Westerners soon began to experiment with plantation crops.
The Hawaiian monarchy facilitated the development of Western
land rights in the Great Mahele of 1848, which ended communal
property ownership. Privatized land was rapidly transferred
to Western speculators. With the development of a plantation
economy, settlers from the United States increasingly
immigrated to Hawaii. Because of the decline in the Hawaiian
population, the labor supply was supplemented by importation
of Asian workers from China and Japan. As the Hawaiian
monarchy declined, planter groups called for more active U.S.
intervention. The United States formally annexed Hawaii as a
colony in 1898.
- Conclusion: The Pattern of the Age of Imperialism
Imperialism took a harsher tone in the nineteenth century.

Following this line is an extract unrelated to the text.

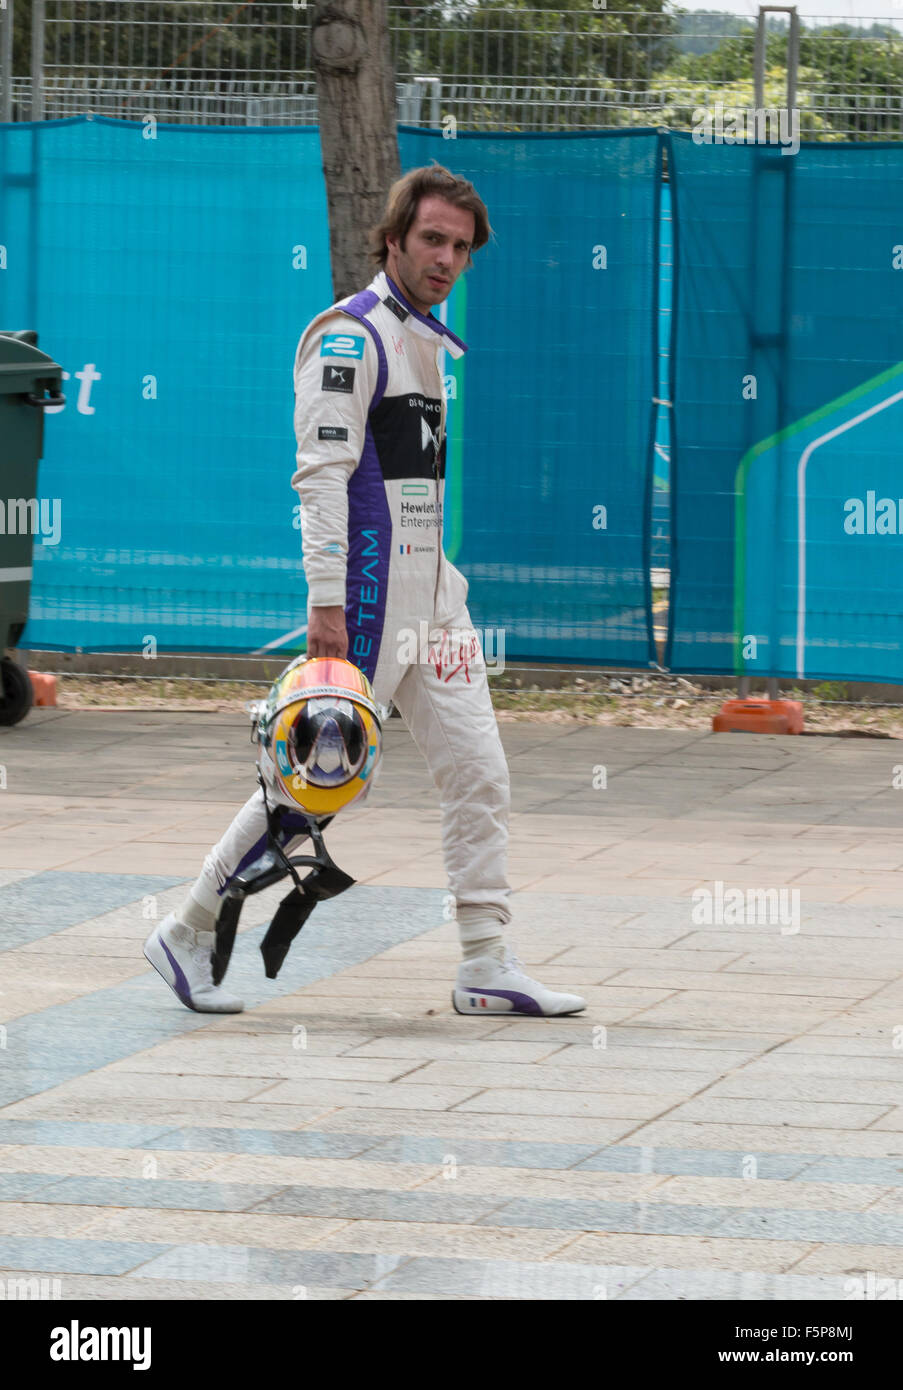 Nick Heidfeld walks back to the pits after a first-lap collision forced his retirement from the 2015 Formula E ePrix in Malaysia Stock Photo

Racism increasingly dictated relations between colonizers and
indigenous peoples. Colonial administrators actively pulled
peasants into a market economy tilted heavily in favor of the
imperial powers. By pressing to inculcate European culture
among the colonized peoples, Europeans produced resistance to
colonial rule. Successful mobilization of nationalist
sentiment in colonized nations often came from the ranks of
men educated in Western schools. European dependence on
indigenous subordinates to manage colonial economies made the
imperialists vulnerable to challenges from within.